3.2 Other Actions. No party shall take any action that would or is
reasonably likely to result in any of its representations and warranties set
forth in this Agreement being untrue as of the date made (to the extent so
limited), or in any of the conditions to the Exchange set forth in Article V not
being satisfied.
ARTICLE IV
ADDITIONAL AGREEMENTS
4.1 Shareholders Approval at Highland. Highland Shareholders have
previously received or will receive necessary approval, consent or agreement in
relation to the Exchange.
4.2 Restricted ChinaNet Shares; Registration Rights. (a) The Exchange
Shares will not be registered under the Securities Act, but will be issued
pursuant to an exemption from such registration requirements based upon
representations and warranties made by the Shareholders.
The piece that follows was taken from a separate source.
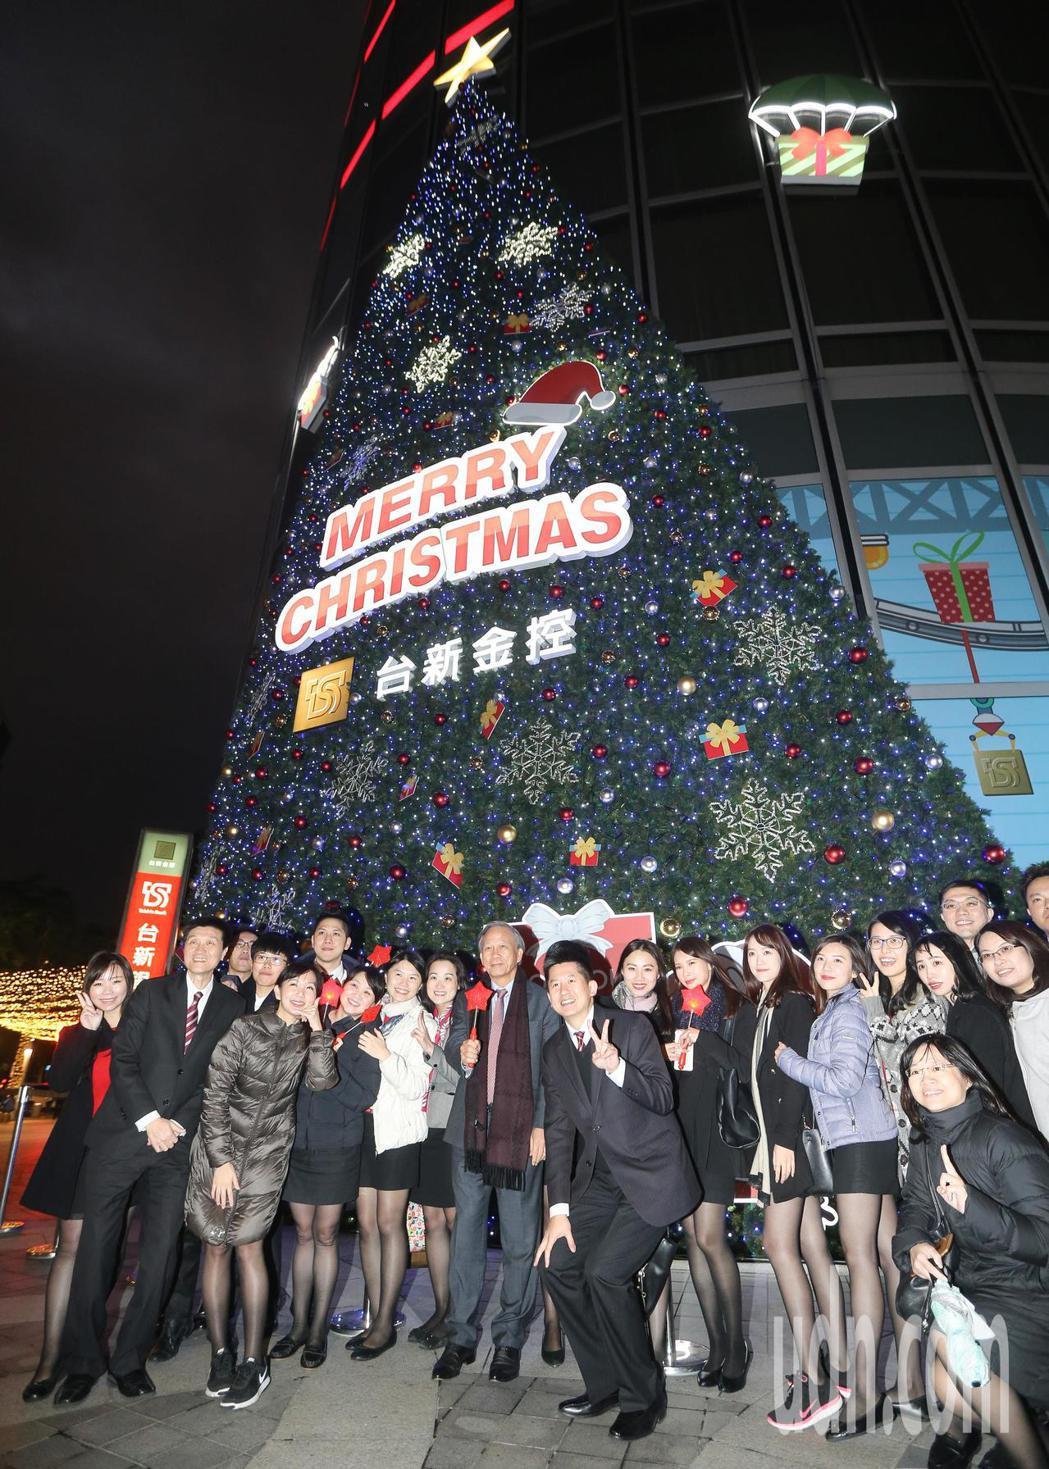 員工在點燈活動後與大樓外牆的聖誕樹裝飾合照。記者黃威彬/攝影

Accordingly, the
Exchange Shares will constitute "restricted securities" for purposes of the
Securities Act and applicable state securities laws and Shareholders will not be
able to transfer such Exchange Shares except upon compliance with the
registration requirements of the Securities Act and applicable state securities
laws or an exemption therefrom. The certificates evidencing the Exchange Shares
shall contain a legend to the foregoing effect and the Shareholders shall
deliver at Closing an Investment Letter in substantially the form of Schedule
"D" hereto acknowledging the fact that the Exchange Shares are restricted
securities and agreeing to the foregoing transfer restrictions.
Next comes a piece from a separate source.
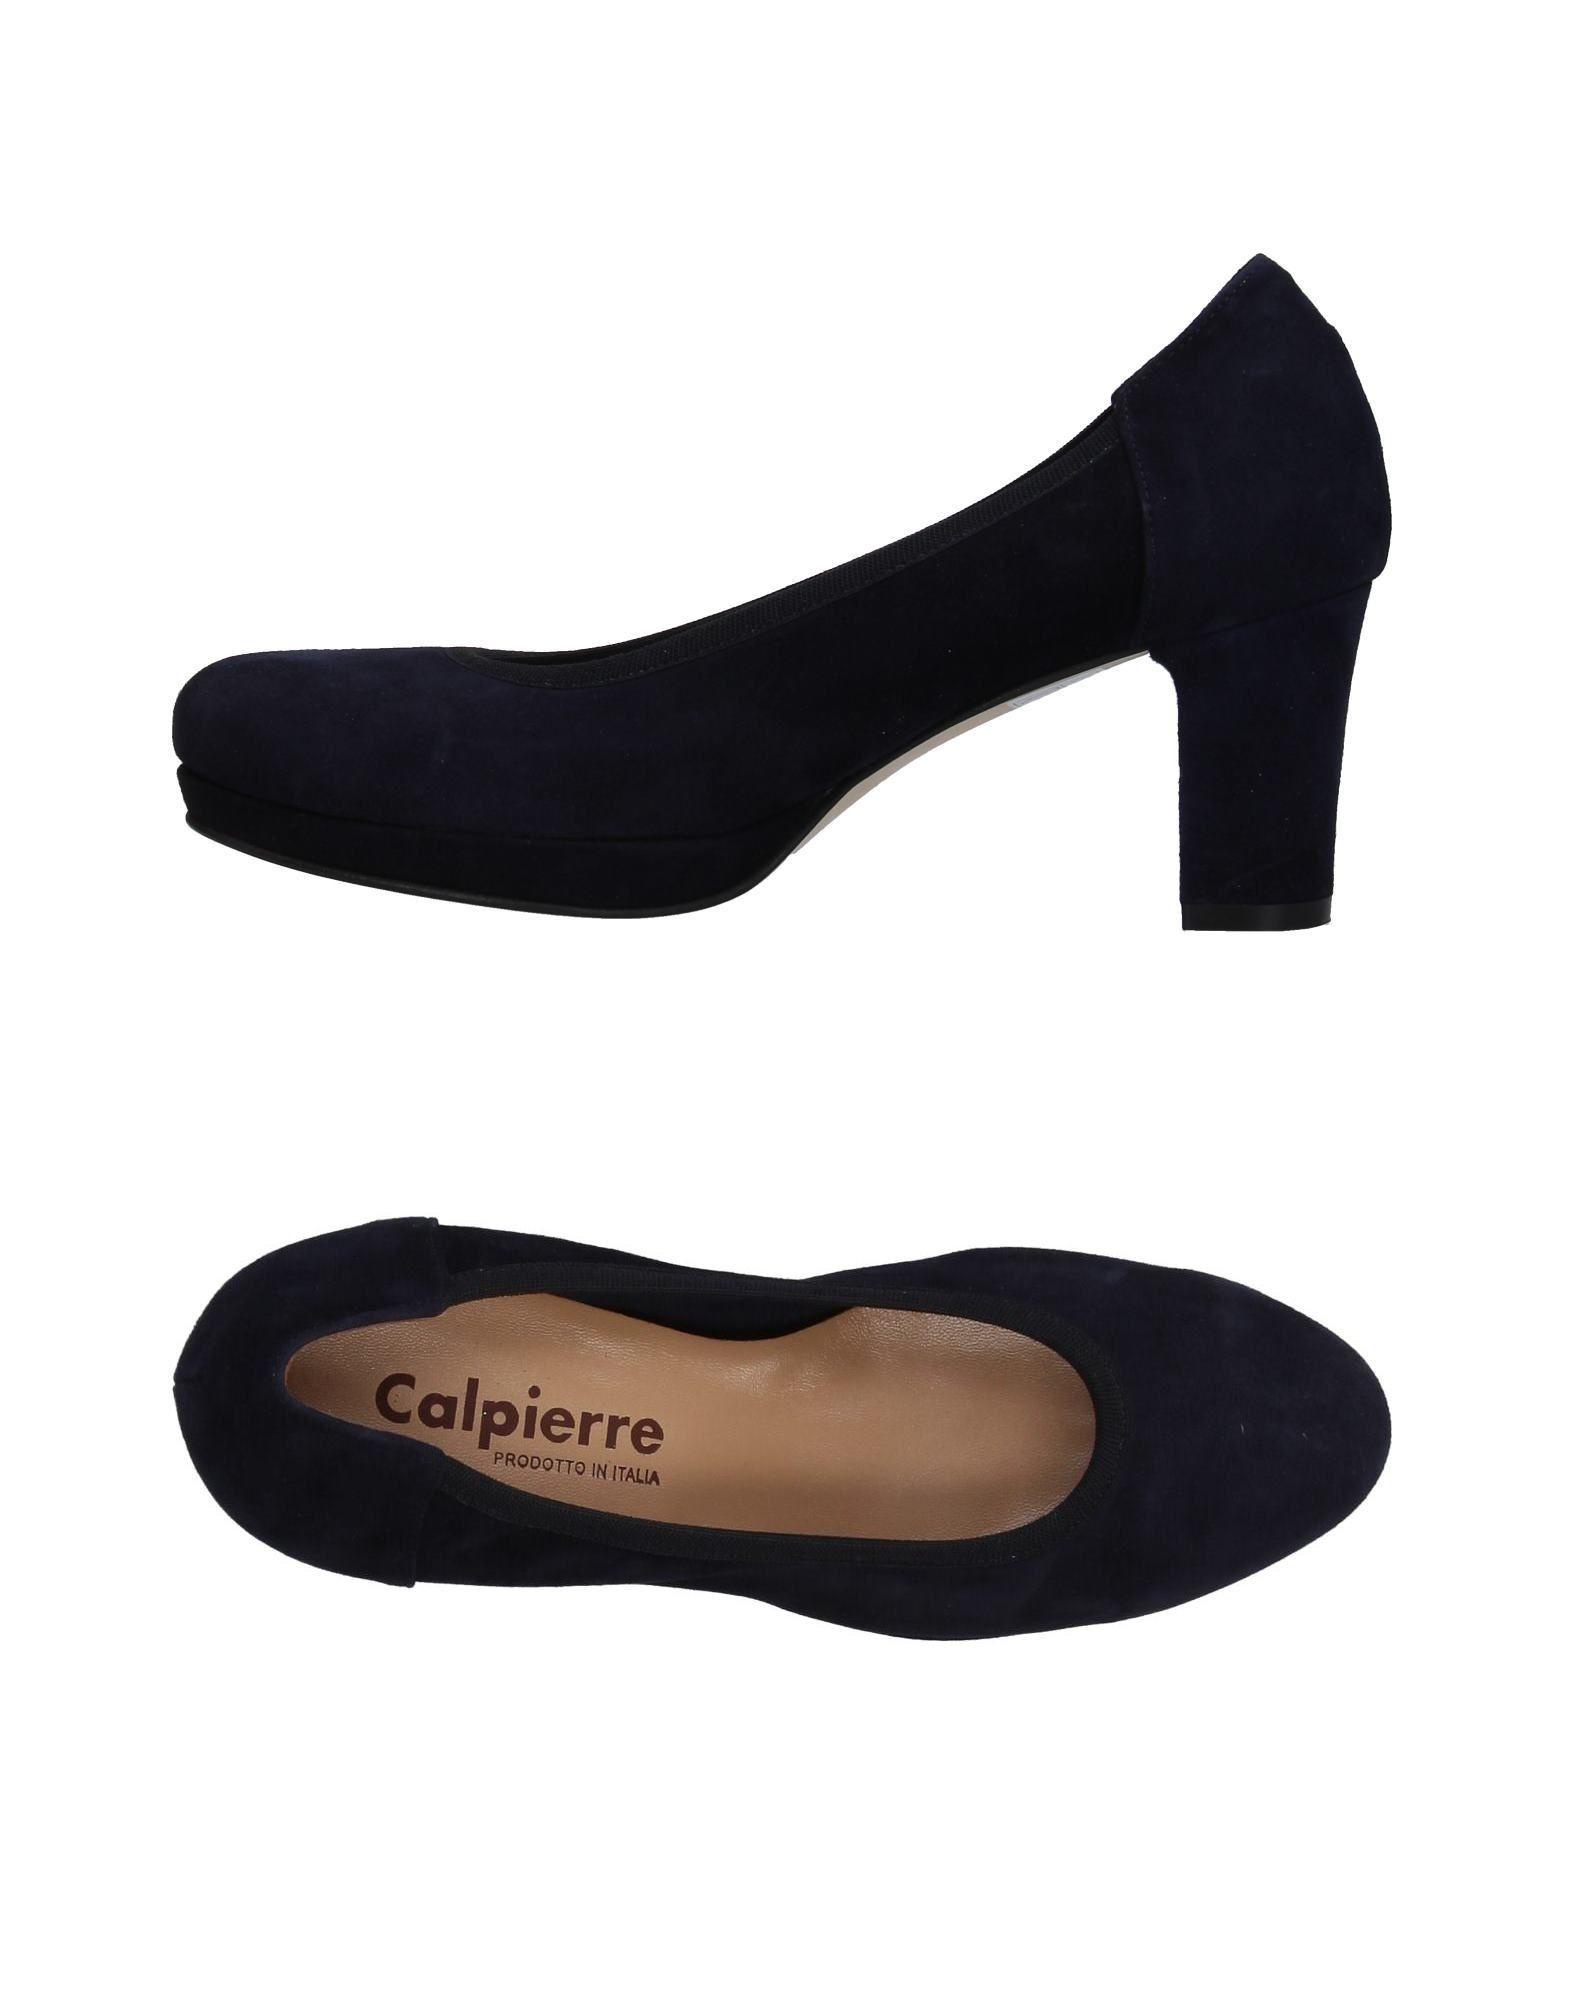 Escarpins Calpierre Femme - Escarpins Calpierre sur

4.3 Access to Information. Upon reasonable notice, ChinaNet and Highland
Shareholders shall each afford to the officers, employees, accountants, counsel
and other representatives of the other party, access to all their respective
properties, books, contracts, commitments and records and, during such period,
each of ChinaNet and Highland Shareholders shall furnish promptly to the other
corporate and business information as such other party may reasonably request.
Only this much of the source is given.